Zugegeben, perfekt sind die Videos noch nicht. OpenAI selbst schreibt: „Das derzeitige Modell hat Schwächen. Es könnte Schwierigkeiten haben, die Physik einer komplexen Szene genau zu simulieren, und versteht möglicherweise bestimmte Fälle von Ursache und Wirkung nicht. Zum Beispiel könnte eine Person in einen Keks beißen, aber danach hat der Keks möglicherweise keine Bissspuren.“ Ein anderes Beispiel zeigt einen Geburtstagskuchen, dessen Kerzen und deren Flamme in unterschiedliche Richtungen zeigen. 

Die Frage ist aber, ob diese Kleinigkeiten im normalen Instagram- oder TikTok-Feed überhaupt noch auffallen werden. Und klar ist auch, dass die Modelle in den kommenden Monaten noch besser sein werden (es sei an Will Smith und seine Spaghetti erinnert). 

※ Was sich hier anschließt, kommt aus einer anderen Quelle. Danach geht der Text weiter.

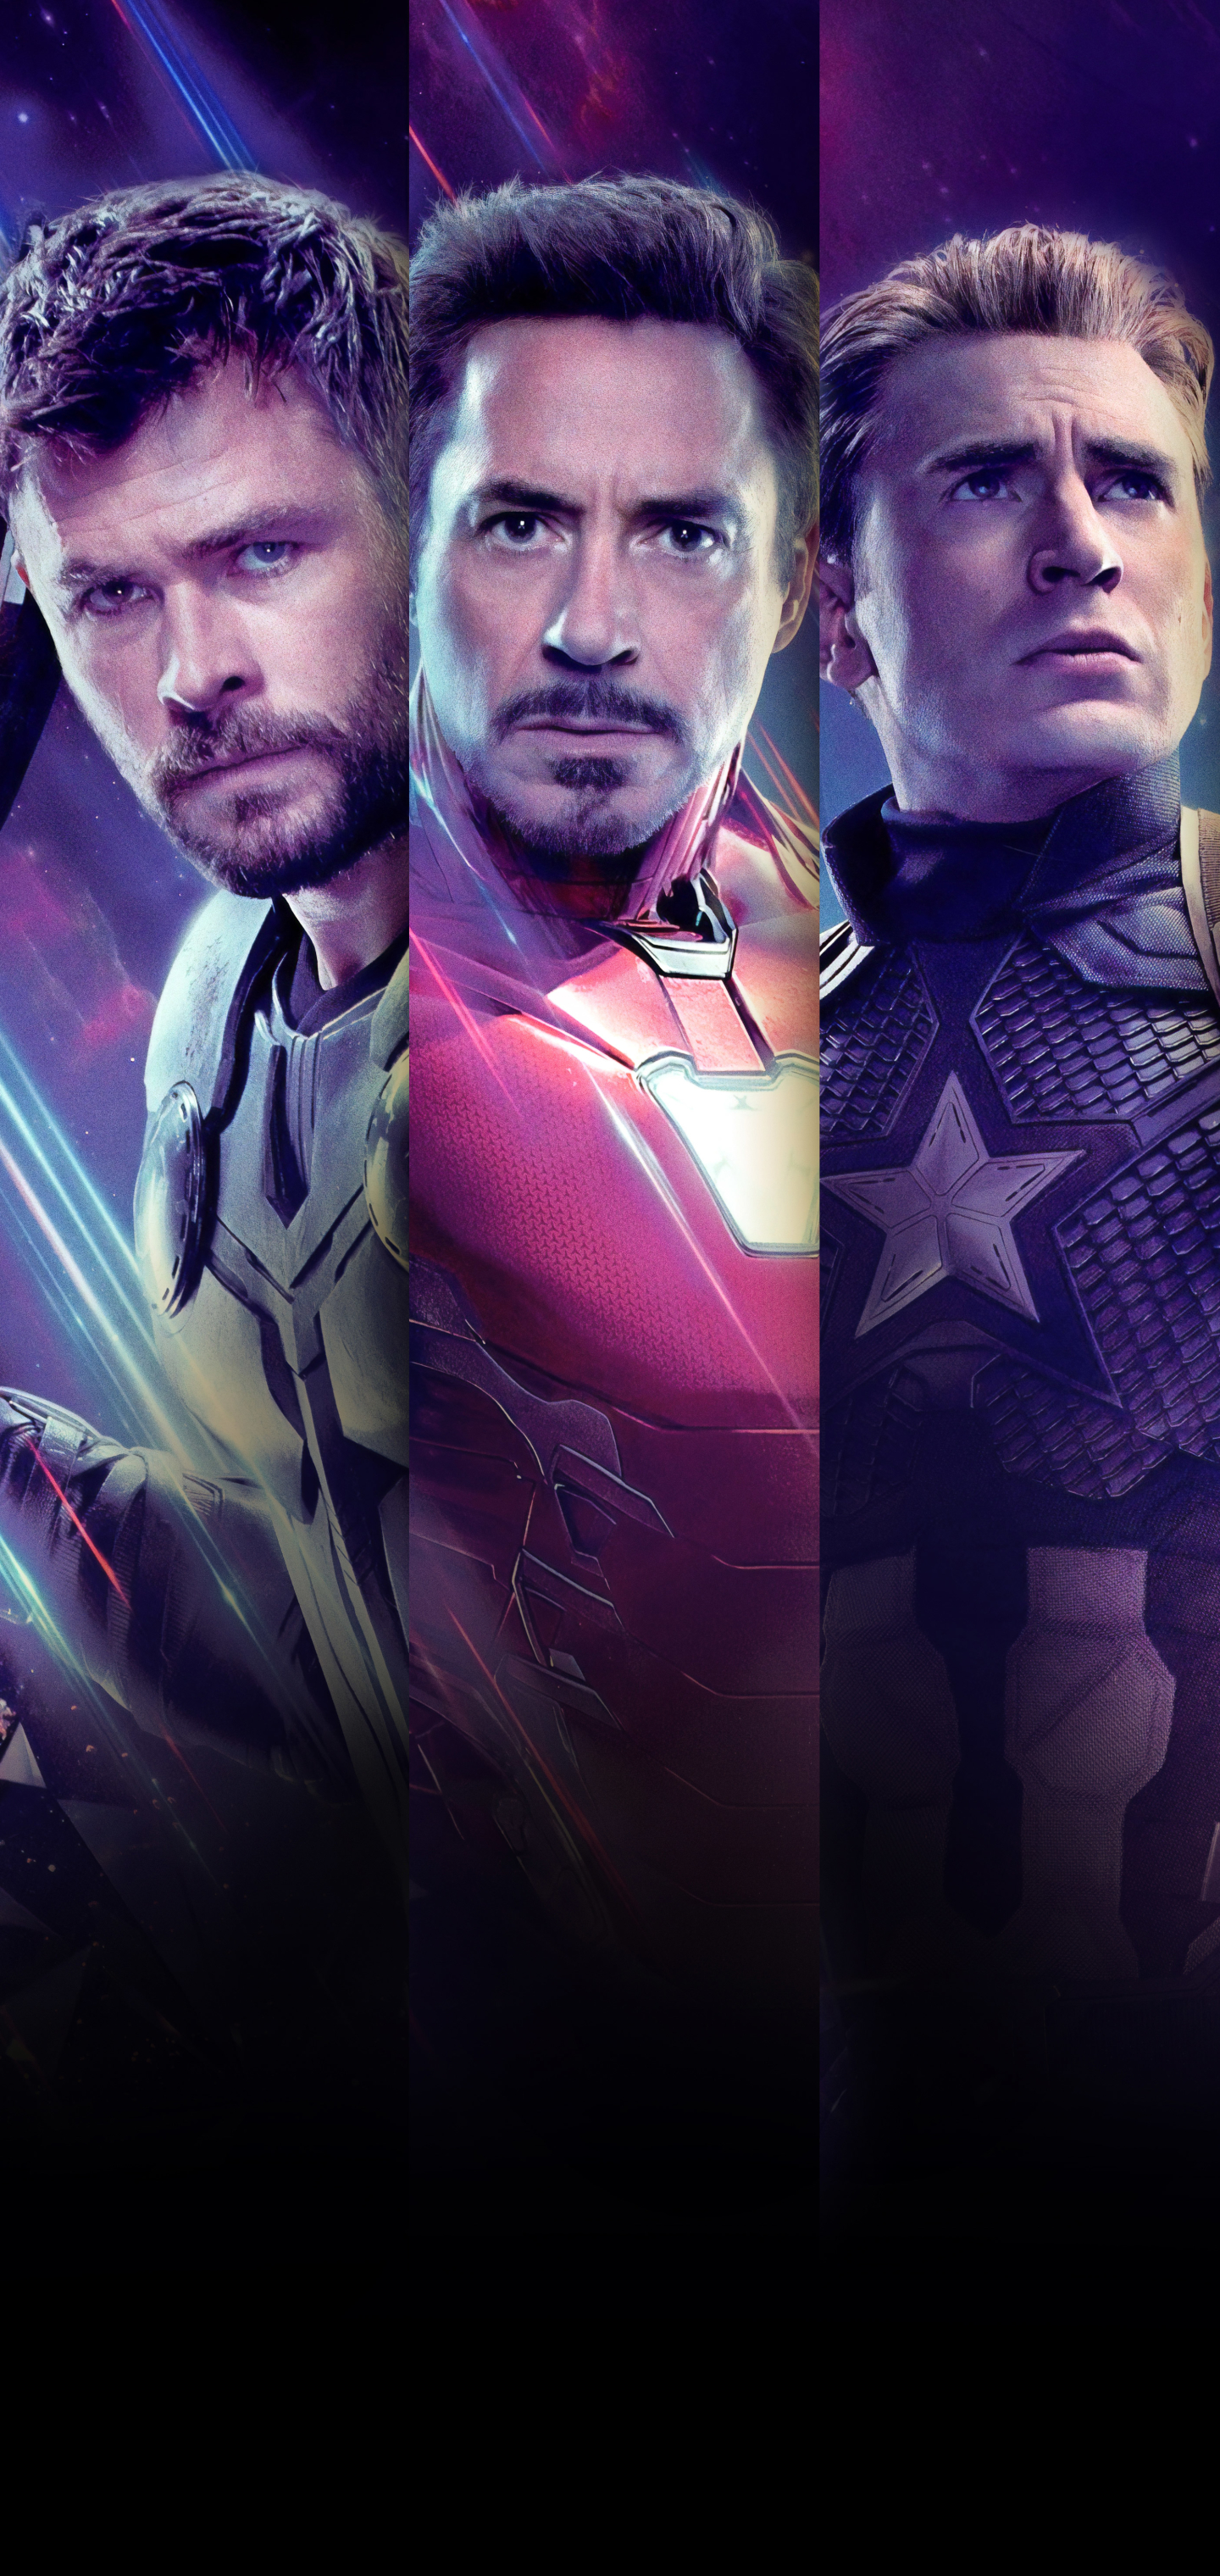 Download mobile wallpaper Iron Man, Captain America, Avengers, Robert Downey Jr, Chris Evans, Movie, Tony Stark, Thor, The Avengers, Chris Hemsworth, Avengers Endgame for free.

Auch deswegen ist es OpenAI wichtig zu betonen, dass man es mit der Sicherheit und Sorgen der Menschen sehr ernst nehme. In dem entsprechenden Blog-Post zu Sora heißt es: „Wir werden mit politischen Entscheidungsträgern, Pädagogen und Künstlern auf der ganzen Welt zusammenarbeiten, um ihre Bedenken zu verstehen und positive Anwendungsfälle für diese neue Technologie zu identifizieren.“

Klar ist: Sora von OpenAI ist ein weiterer Schritt in Richtung einer von KI geprägten Zukunft. Und wie kaum bei einer anderen Technologie scheinen Chancen und Risiken so nahe beieinander zu liegen. Ja, ein Mensch wird womöglich bald einen eigenen Film von der Komplexität eines Marvel-Werkes erschaffen können – aber was macht das mit der Filmwirtschaft und den Menschen, die für sie arbeiten? Und die Politik? Das ist noch einmal ein ganz eigenes Thema für sich.